Fast forward onto a few nights and I feel like she isn't doing so well with her little training,I feel like it might be because I moved her litter tray around a couple of times (silly on my behalf). We also added some carefresh in her cage one night (she was showing signs of loving burrowing so i wanted to please her!) I feel this stepped her back some as I don't think she had seen anything like that before so she didnt know if it was for her toilet or what? Or what to do with it even! The next morning she had absolutely pooped everywhere,still had done some in the tray which is really good! But there was some around her igloo and in the carefresh. I quickly thought no to the carefresh and switched everything back,but her litter tray moved,again (silly me!!!)

so today I woke up and I thought she was back to her good form and had just pooped in her tray,looking a bit further I found that she had also dug under the fleece and pooped under there and in her fleece strips. So I was slightly disheartened again feeling like she was going downhill from being so good the first night. I have now moved everything back to how it was in the very very first start,hoping things might go back to normal and it might rekindle her memory(I don't know if it will!) I am now not going to be moving her litter tray and leaving her for a couple of nights (besides bonding time) and fingers crossed she'll be okay and won't be doing anymore accidents in sneaky places or under the fleece.
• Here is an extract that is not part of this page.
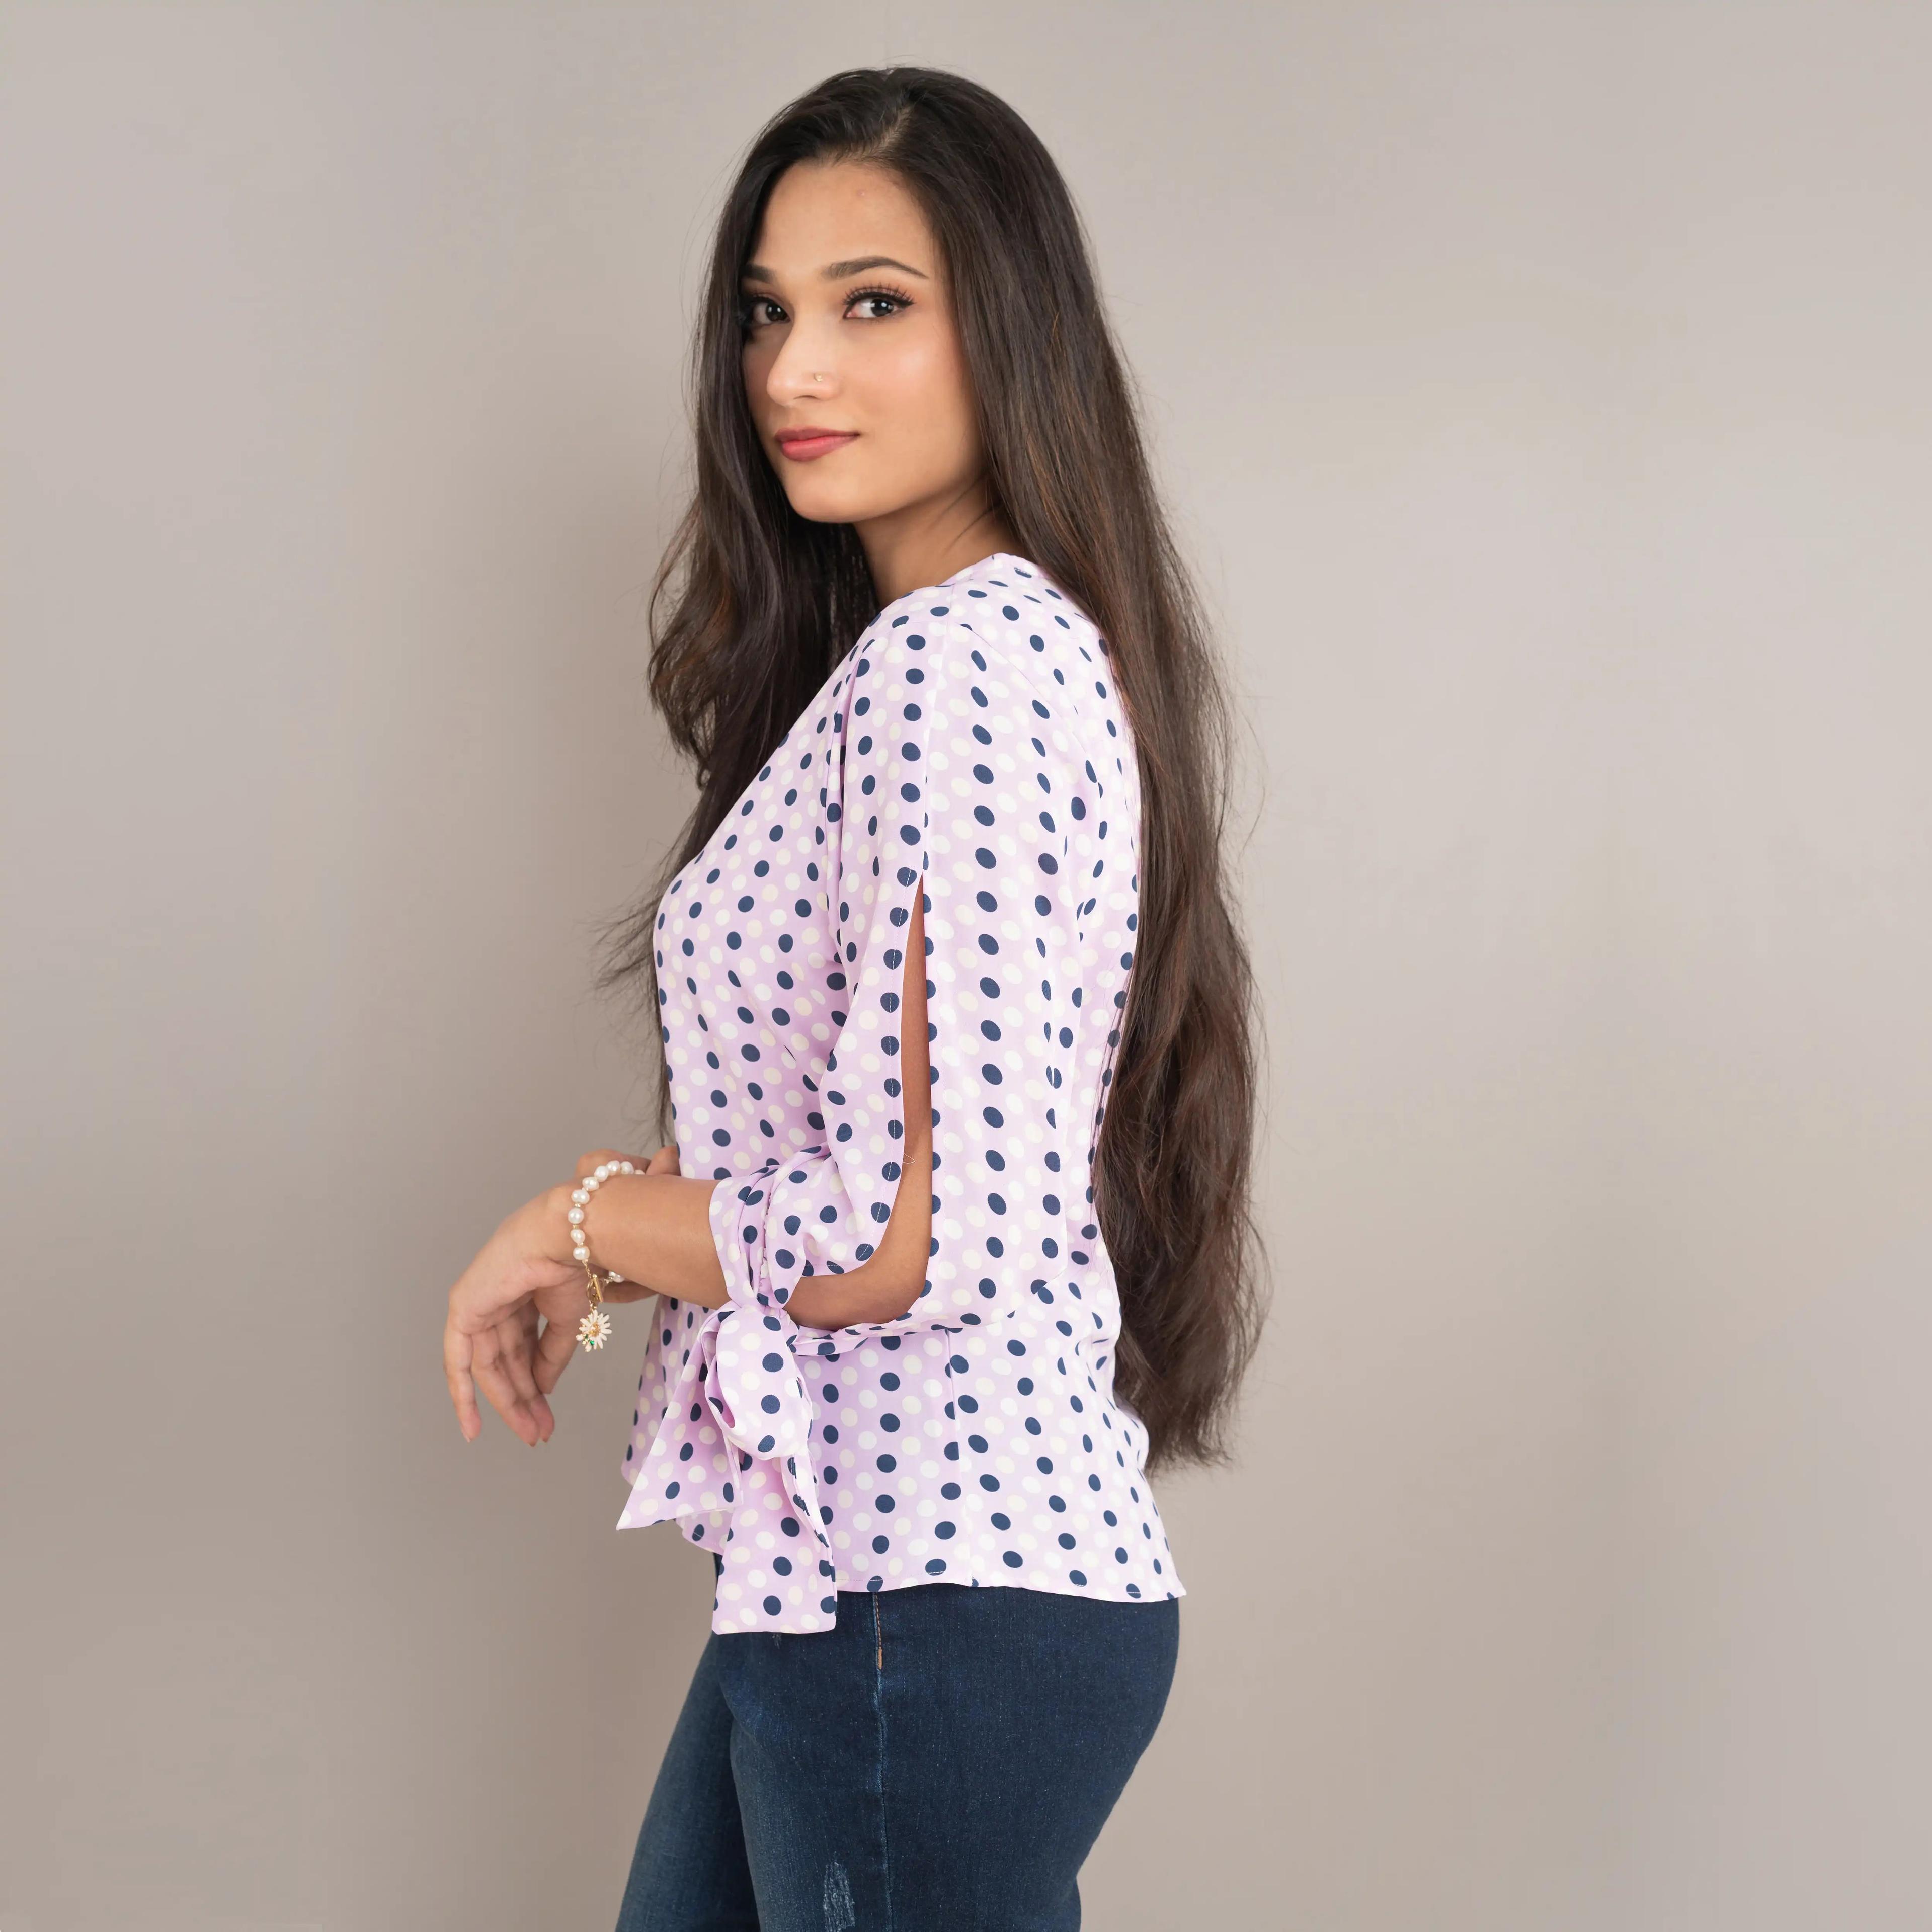 Polka Dot Sleeve Split with Tie Blouse (Lavender with Dot Printed)
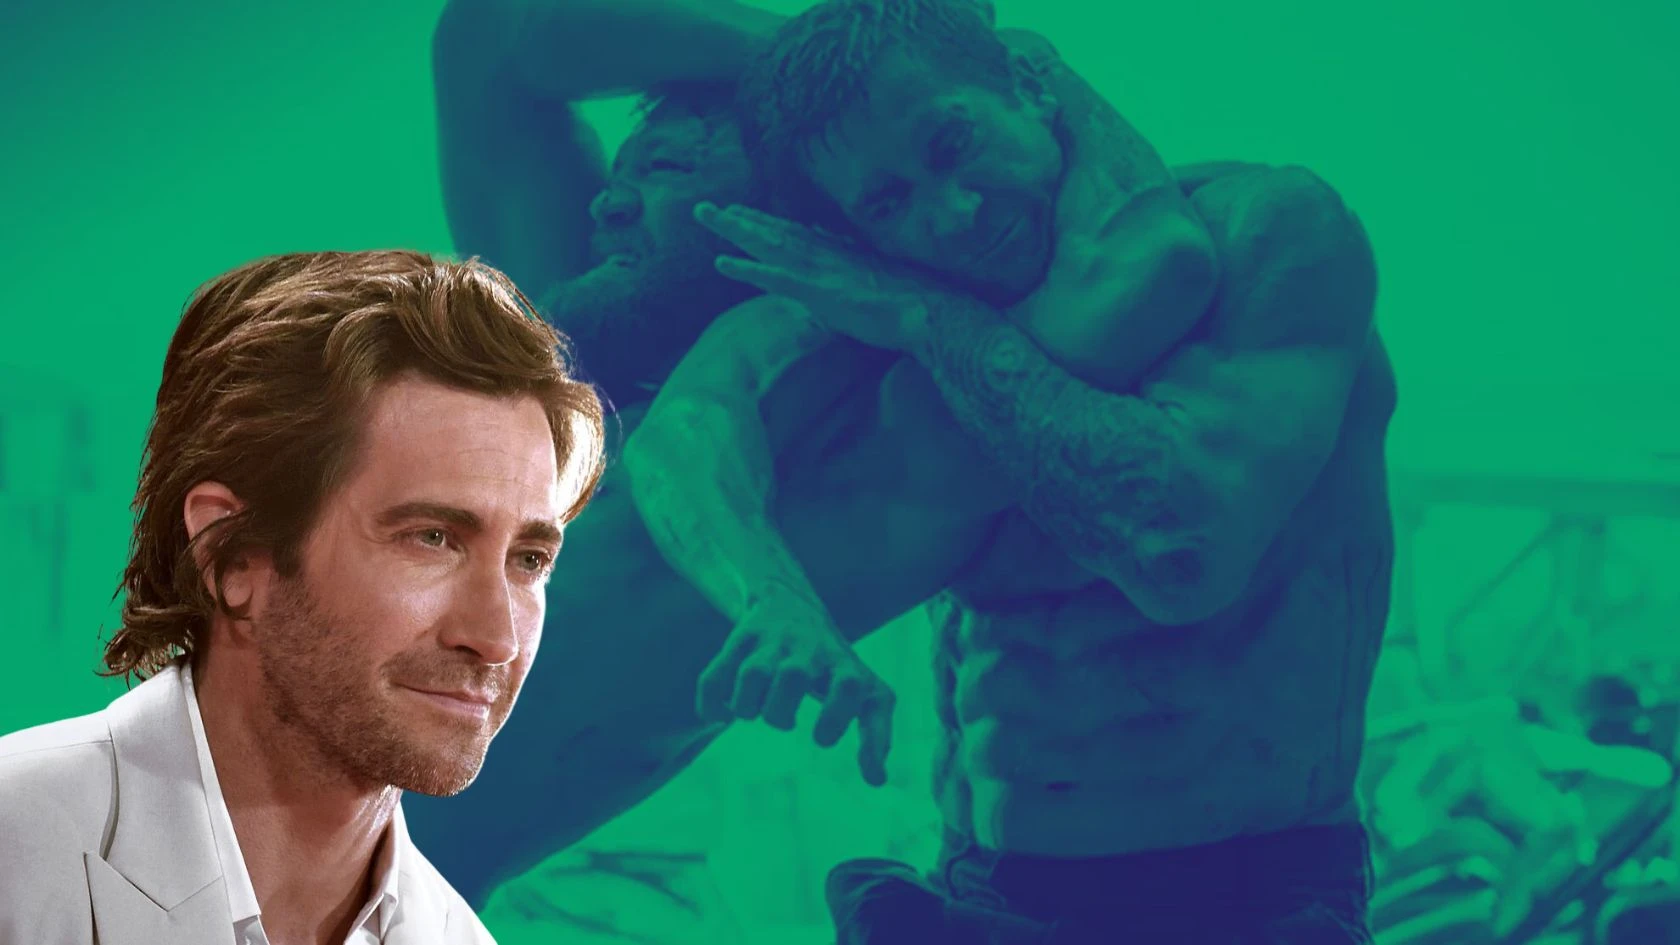 Challenges with Real-Life Fighter Jake Gyllenhaal recalls filming 'Road House'

She is 7 weeks and 1 day today if anyone is wondering.
I am just looking for a bit of advice on this whole situation,she's my first hedgie so i'm kinda in that zone in not knowing if i'm doing things right. Any tips on litter training? We have so far been putting her in her tray as soon as we see her poo (bringing tray out when she's out also and continuing if she tried pooing anywhere in putting her in there) 
I know this is long so sorry about that to anyone reading!
Thanks in advance.


----------



## DesireeM81 (Jun 14, 2014)

I want to start off by saying that most hedgehogs will not be litter trained beyond using their wheel.

Now does she have a wheel? She will poop and pee on their most of the time if she does. I put my littler trays underneath their wheels and it catches most of the poop. My little boy will be 9 weeks old tomorrow and he still poops after he is done eating next to his food bowl. Sometimes he goes to his litter box, sometimes he doesn't. 

As for little box training, make sure to remove the poop from her sleeping areas and leave the poop in her litter box. Just a piece or two is fine. Also, as I'm sure you have noticed, stop moving her litter box. You are confusing her. 

Are you using a litter box in conjunction with a wheel? It's better to have the litter box under the wheel and that's it. This way when she pees and poops in her wheel, it will go into her litter box and she might start to associate that it where she needs to use bathroom. Giving her two many option may start to confuse her more. 

Again, some hedgehogs will never be litter box trained.


----------



## chocolatecinnicot (Mar 4, 2014)

thank you very much for replying!
she does not have a wheel in her cage right now but we do have a bucket wheel ready for her that she has been on about twice now,she's still learning how to use it 
I will try leaving some of her poop in the tray,thanks again.


----------



## DesireeM81 (Jun 14, 2014)

She should have access to a wheel at all times. She will learn at her own pace.


----------



## chocolatecinnicot (Mar 4, 2014)

update, just spent an hour of bonding time,took your advice and she now has her wheel in her cage with her. In bonding time I helped her with her wheel (aka,treated her like a china doll) so I felt better about her wheel being in her cage. She loves her wheel now she has the hang of it,could barely get her off to get it in her cage ready for her,haha


----------



## TikkiLink (Dec 4, 2013)

I agree with all of the advice given. If she takes to using the box like my girl did, let me tell you how cute it is to barge in on a hedgie as it is sitting in its litter box doing its business, looking up at you like "What? I'm workin' here" lol.


----------